* COLLECTED DATA *
•••
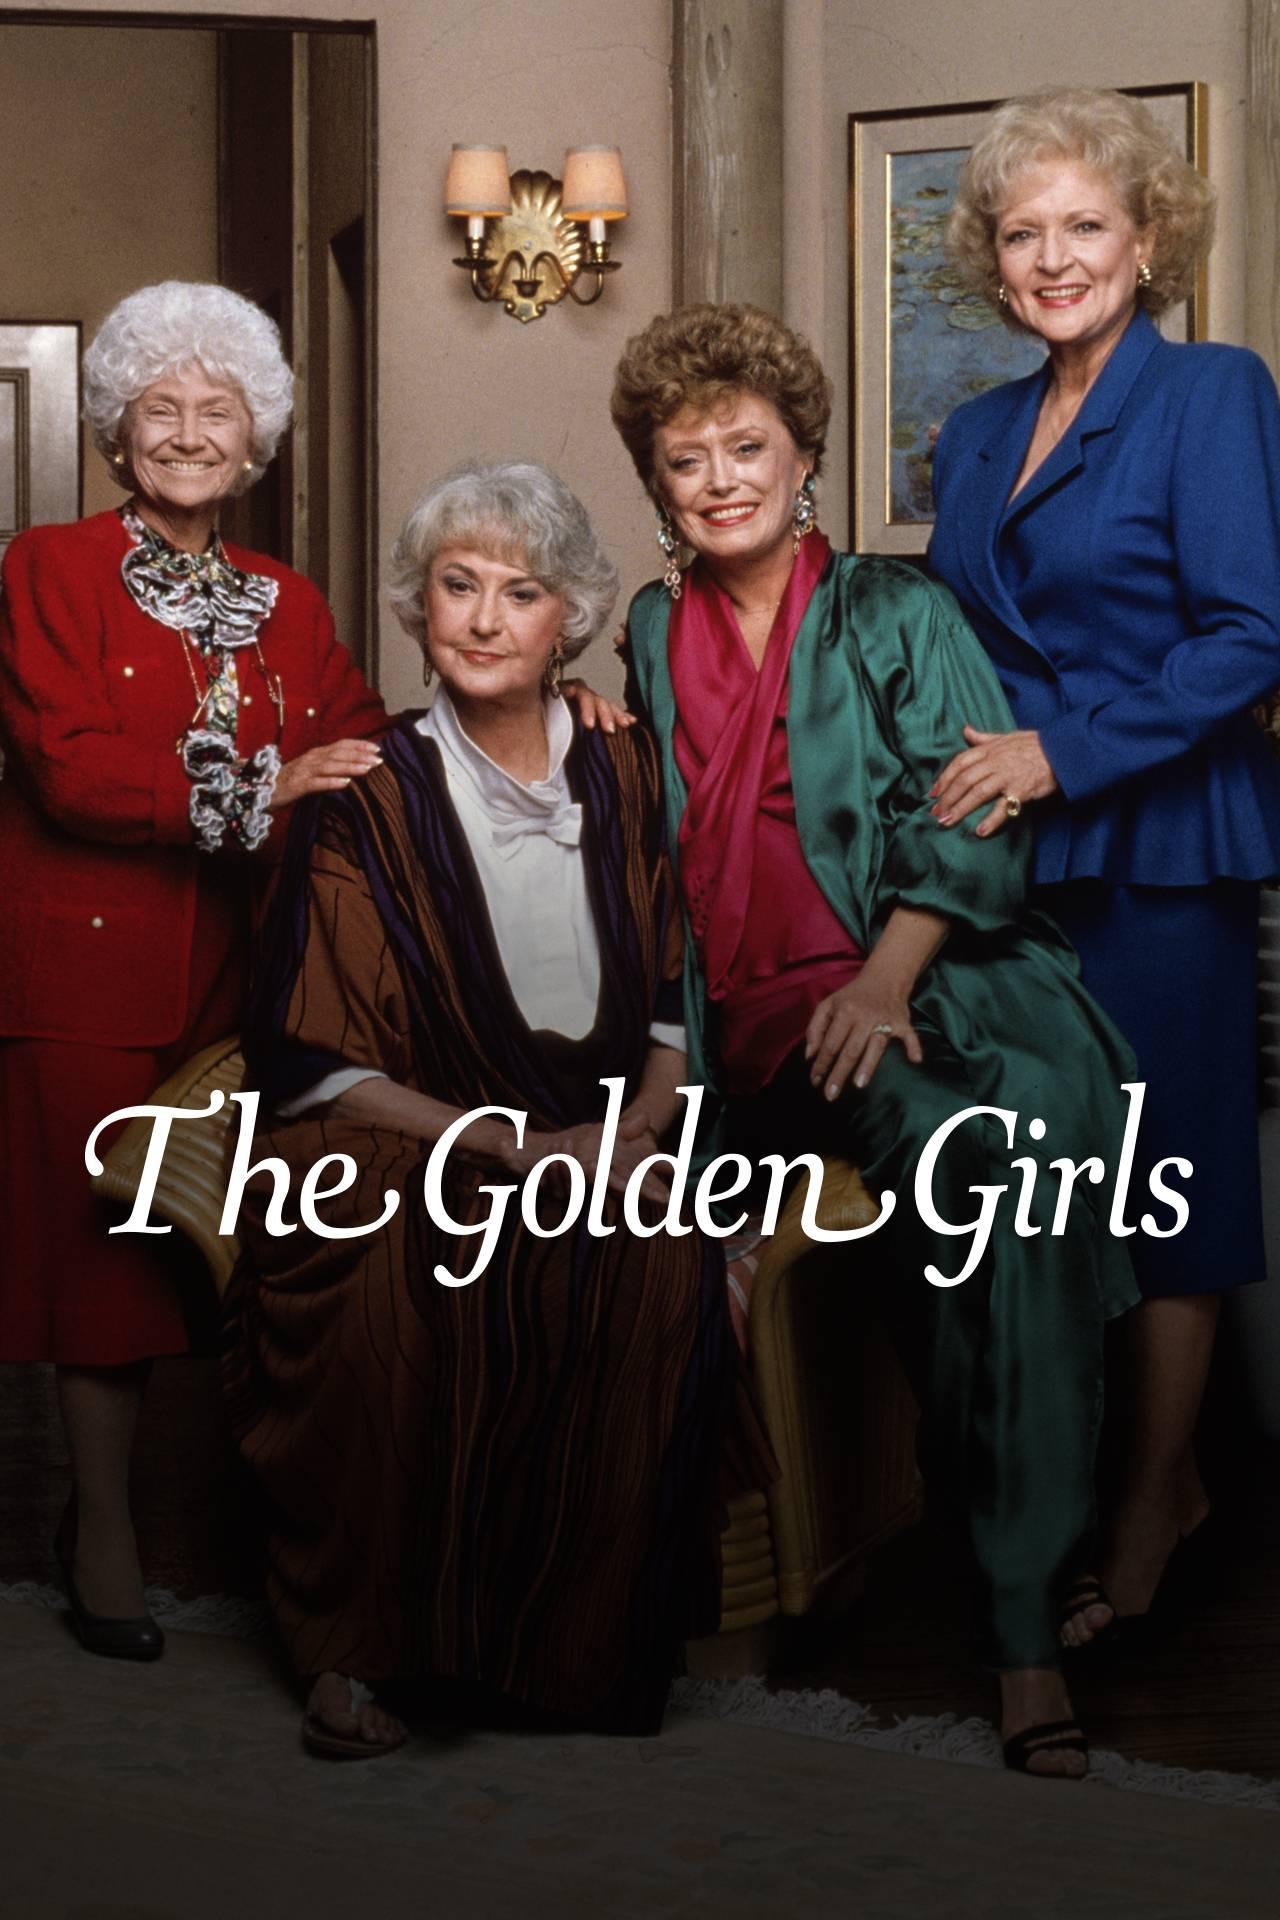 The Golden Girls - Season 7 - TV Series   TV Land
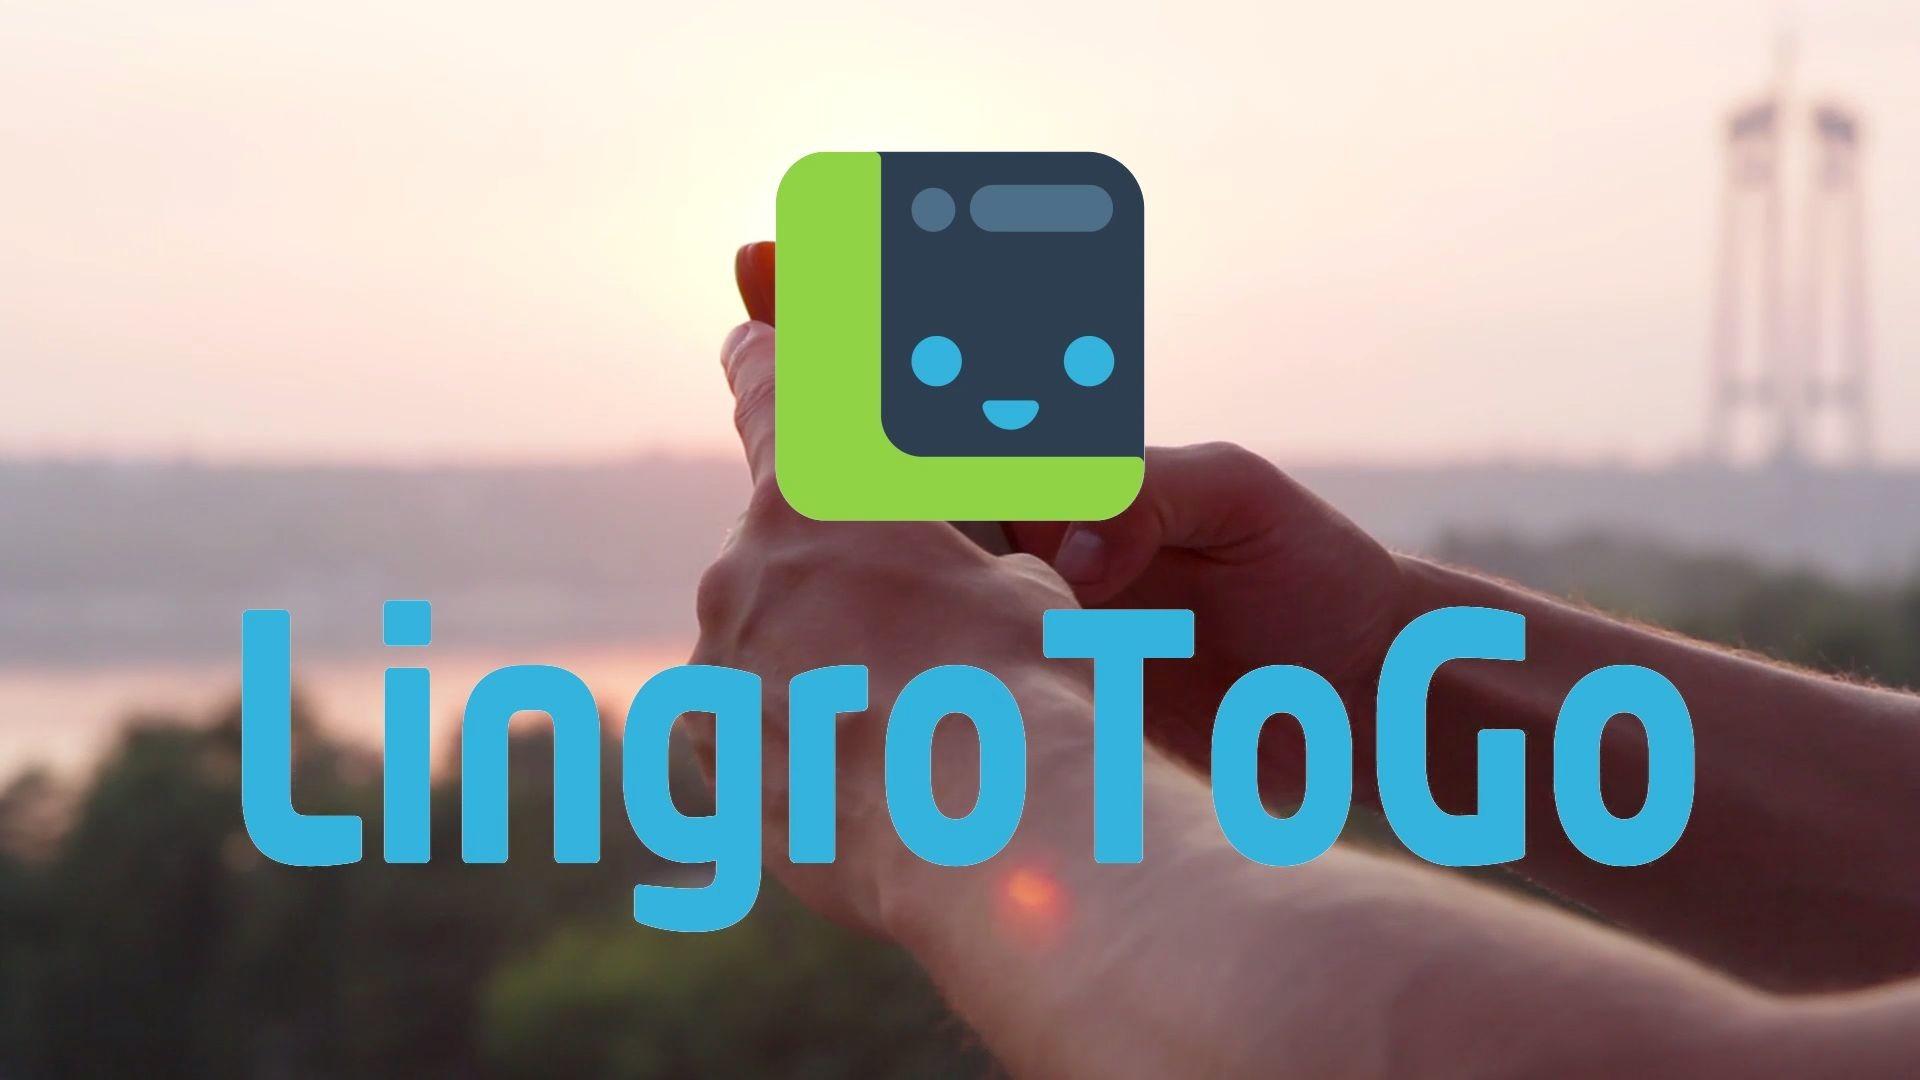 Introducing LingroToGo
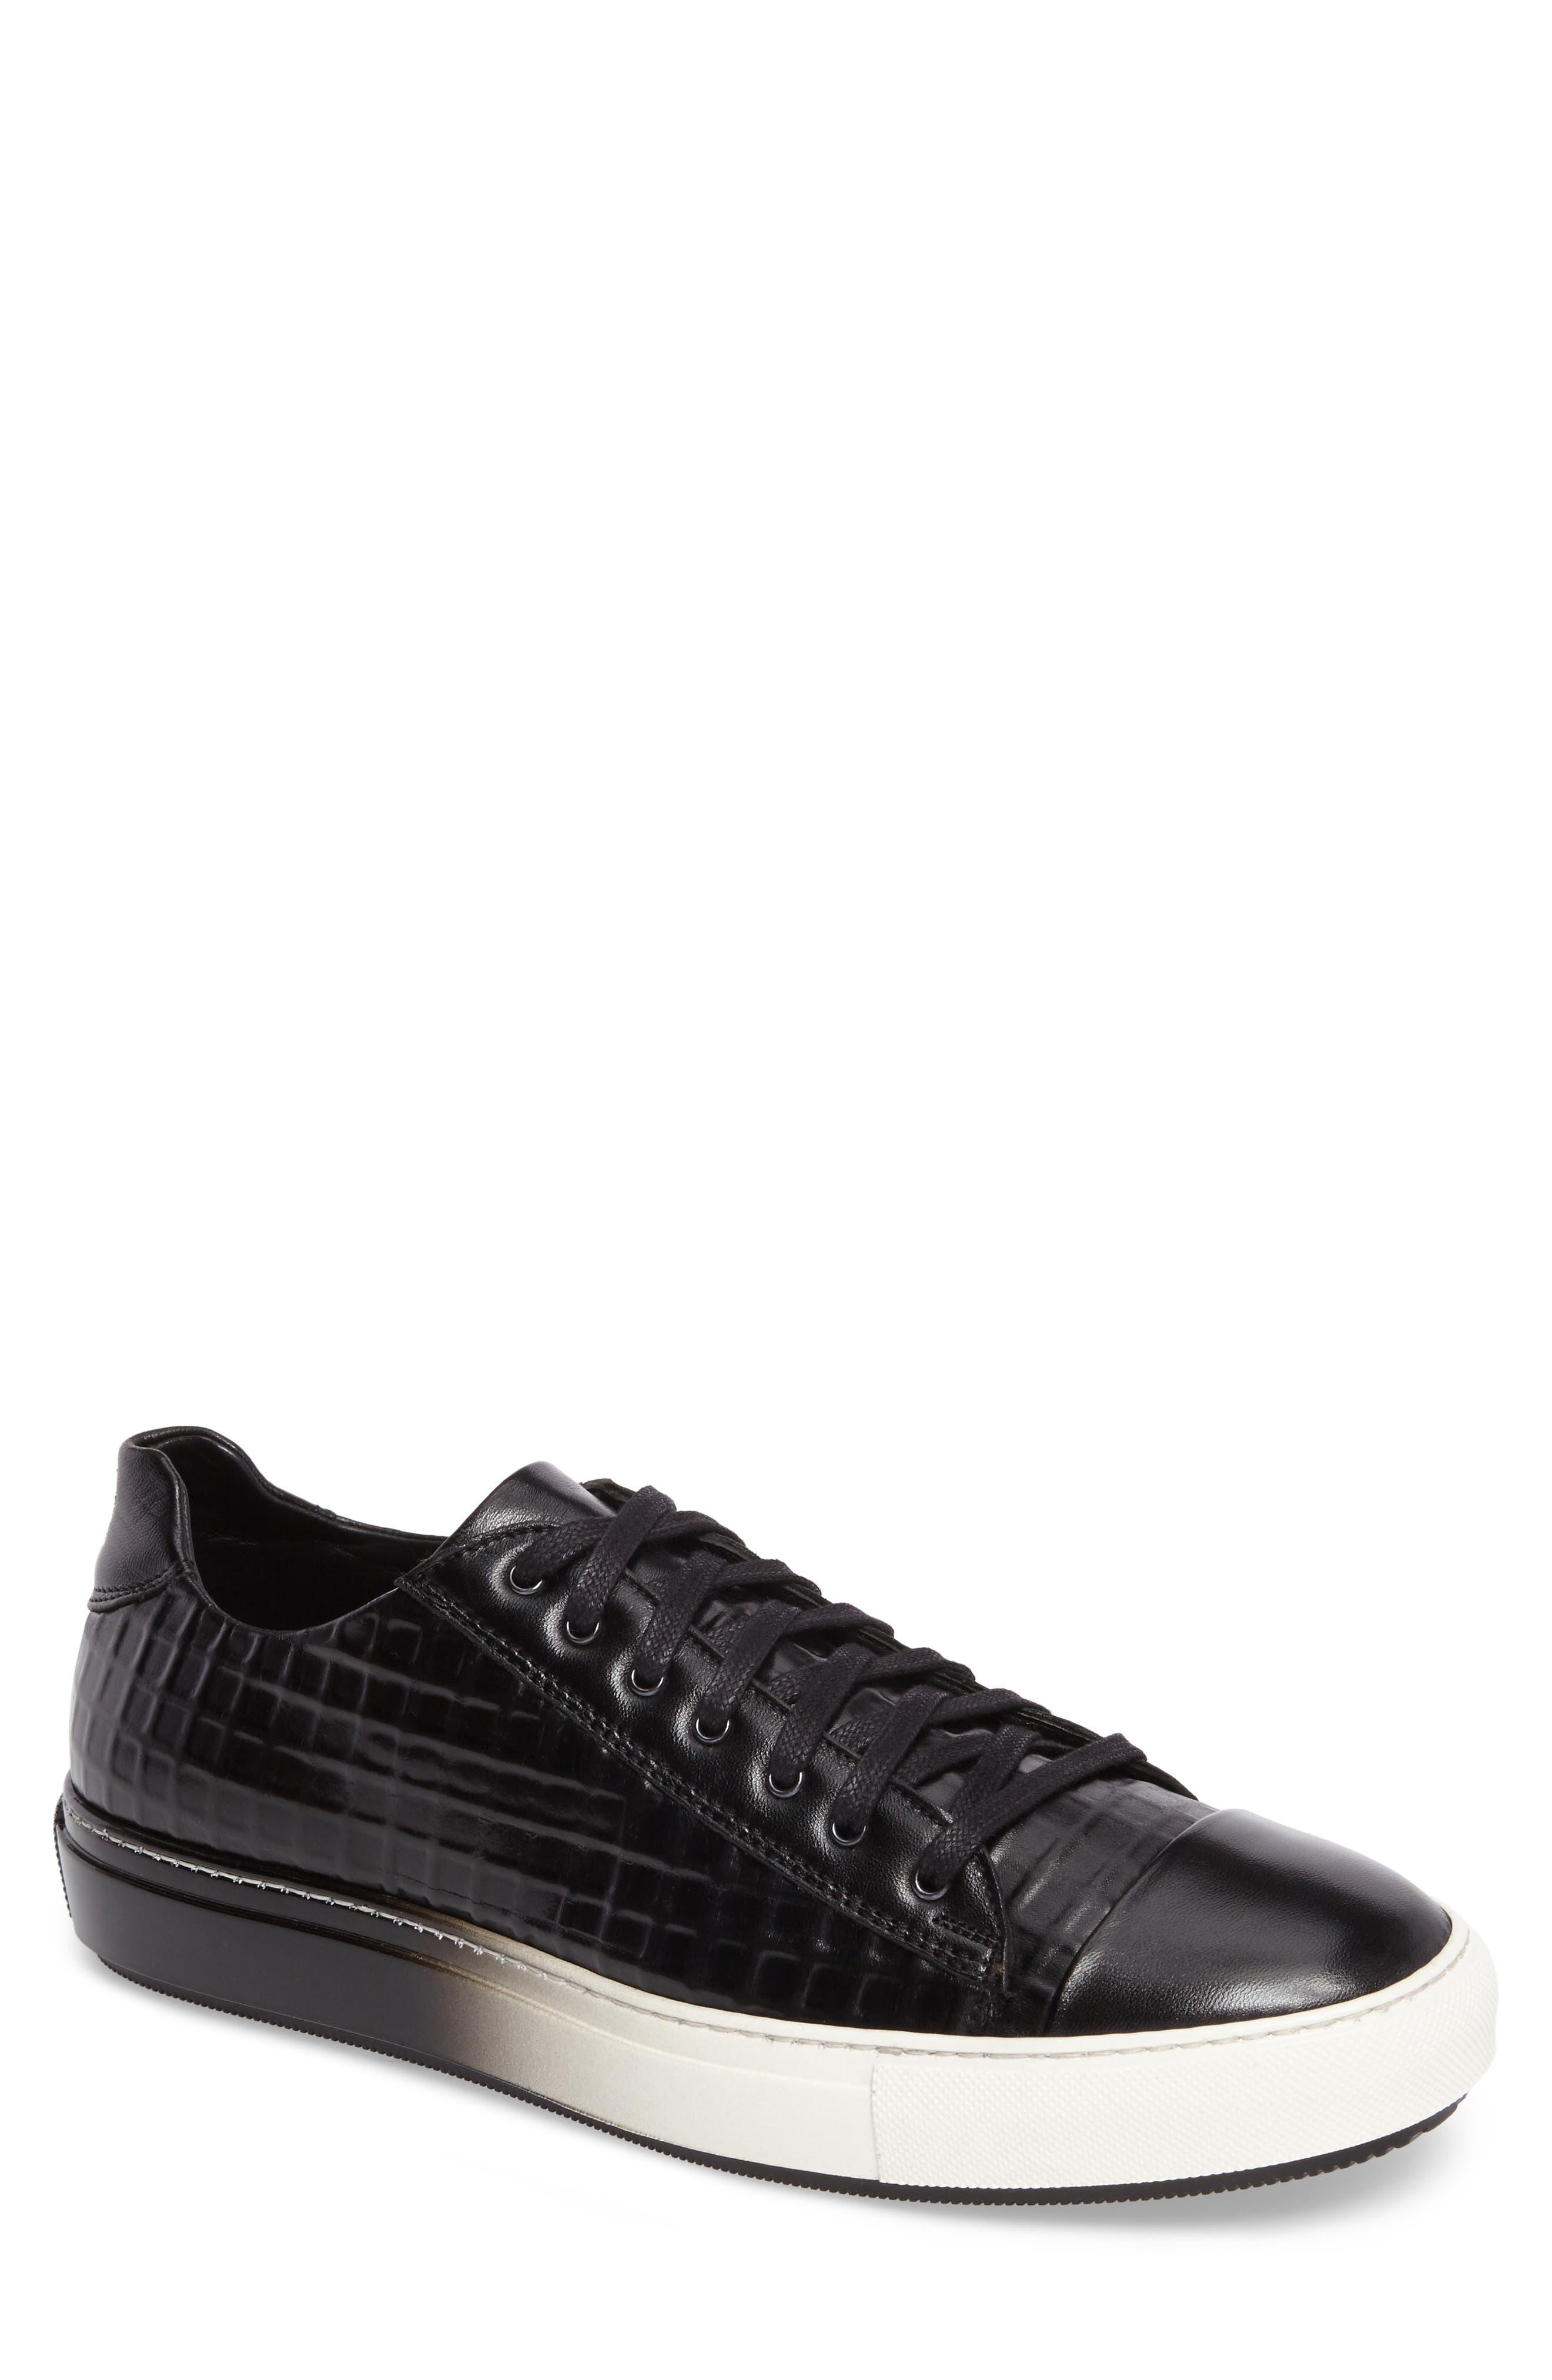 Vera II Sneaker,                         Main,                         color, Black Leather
•••
* WHAT YOU NEED TO DO *
Quote exactly the lines from the one that contains "Introducing LingroToGo" through the end of the listing above, both ends included, leaving out the pictures.

* EXERCISE OUTPUT *
 Introducing LingroToGo
 Vera II Sneaker,                         Main,                         color, Black Leather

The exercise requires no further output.